Figure 5.. Focal adhesion assembly, β₁ integrin expression and cell adhesion strength measurements on FN-coated PEA and PMA substrates.

Immunofluorescence images of focal adhesions and β₁ integrin of WT (A) and MT (B) fibroblast cells on glass, and on PEA and PMA coated with 20 μg/ml of FN. Cells were cultured for 2h in media under serum-free conditions, then fixed and stained for paxillin (red), β₁ integrin (blue) and actin (green). Further images, including cells treated with blebbistatin, are provided in supplementary data (Supplementary Figure 9B). Size of WT and MT cells (C); number of FAs per cell (D); size of FAs (E). Schematic of spinning disk assay (F). Characteristic detachment profile (G) showing fraction of adherent cells (f) as a function of surface shear stress (τ). Adhesion strength measurements for WT and MT cells (H). Quantification of integrated β₁ integrin cluster size (I), area (J) and count (K). Data presented as mean ± SD, N ≥12 for images C-H and N ≥3 for images I-K, and analysed with an ANOVA test; *p<0.05, **p<0.01, ***p<0.001. Important statistical significance differences between the WT and the MT cells are indicated, including between the substrates for the MT. WT, wild type; MT, COL4A2^+/G702D fibroblasts.

Figure 6.. Deposition of COL4A2 by MT fibroblasts on FN nanonetworks is regulated by integrin binding and cell contractility.

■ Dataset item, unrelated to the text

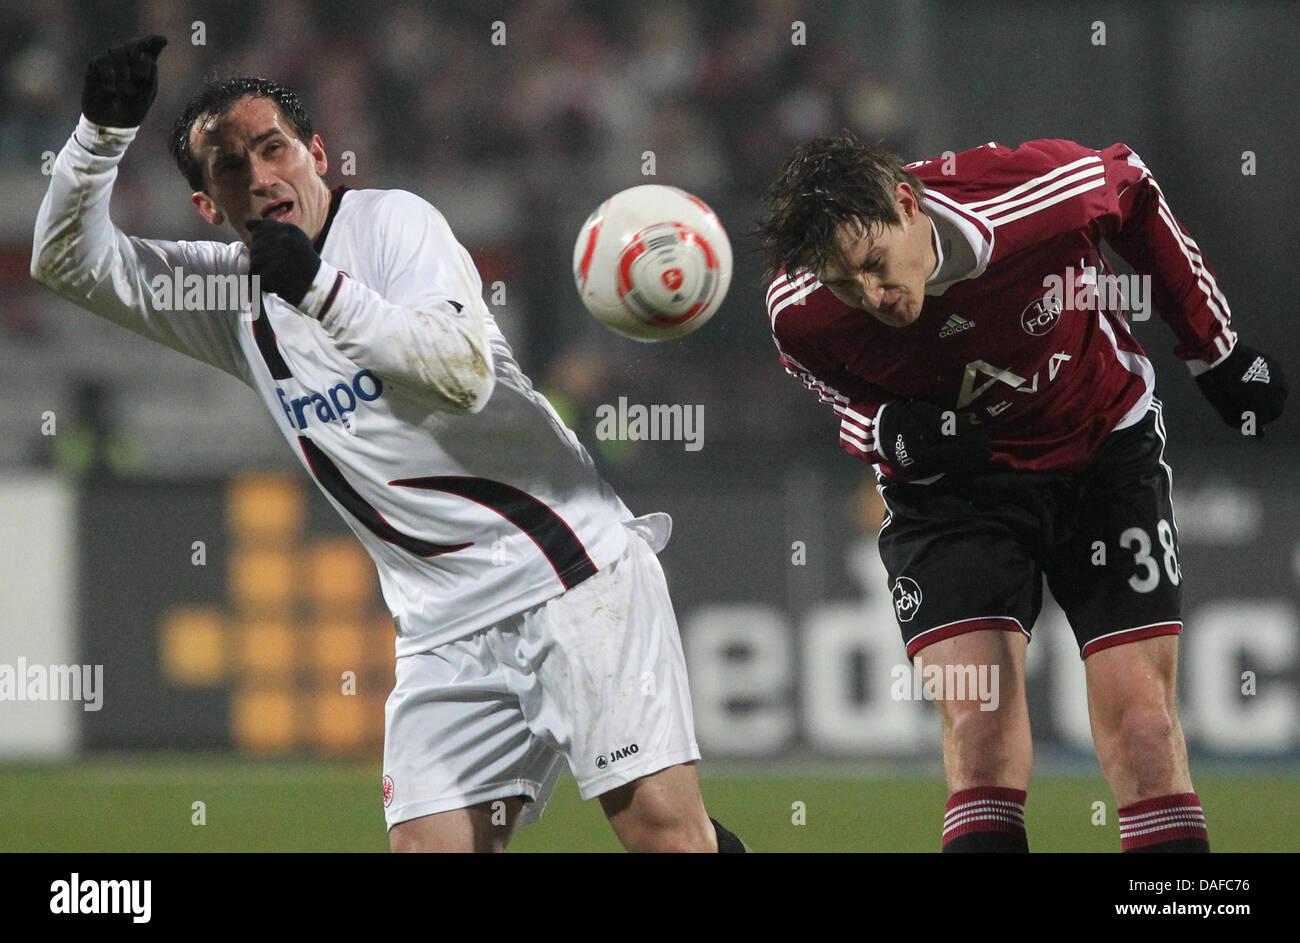 Nürnberger Philipp Wollscheid (R) und Frankfurts Theofanis Gekas Kampf um den Ball in der Bundesliga-Fußball Stockbild

COL4A2 staining (green) of cells grown on PEA substrates coated with either FN, FN without the RGD domain (ΔRGD FN), FN with a mutation on the synergy binding site (syn FN), or in the presence of blebbistatin (BB) in the culture medium for 7 days; LM (red) and nuclei (blue) were also stained (A). Quantification of the integrated density of COL4A2 staining after variance filtering (B). Controls are WT fibroblasts and MT fibroblasts cultured on glass. Data presented as mean ± SD, N ≥12, and analysed with an ANOVA test; *p<0.05, **p<0.01, ***p<0.001. WT, wild type; MT, COL4A2^+/G702D fibroblasts.

Figure 7.. Conceptual scheme.

Illustration of the effect of the fibrillar FN nanonetworks on PEA, which induces increased deposition of Col4A2 by COL4A2^+/G702D mutant cells.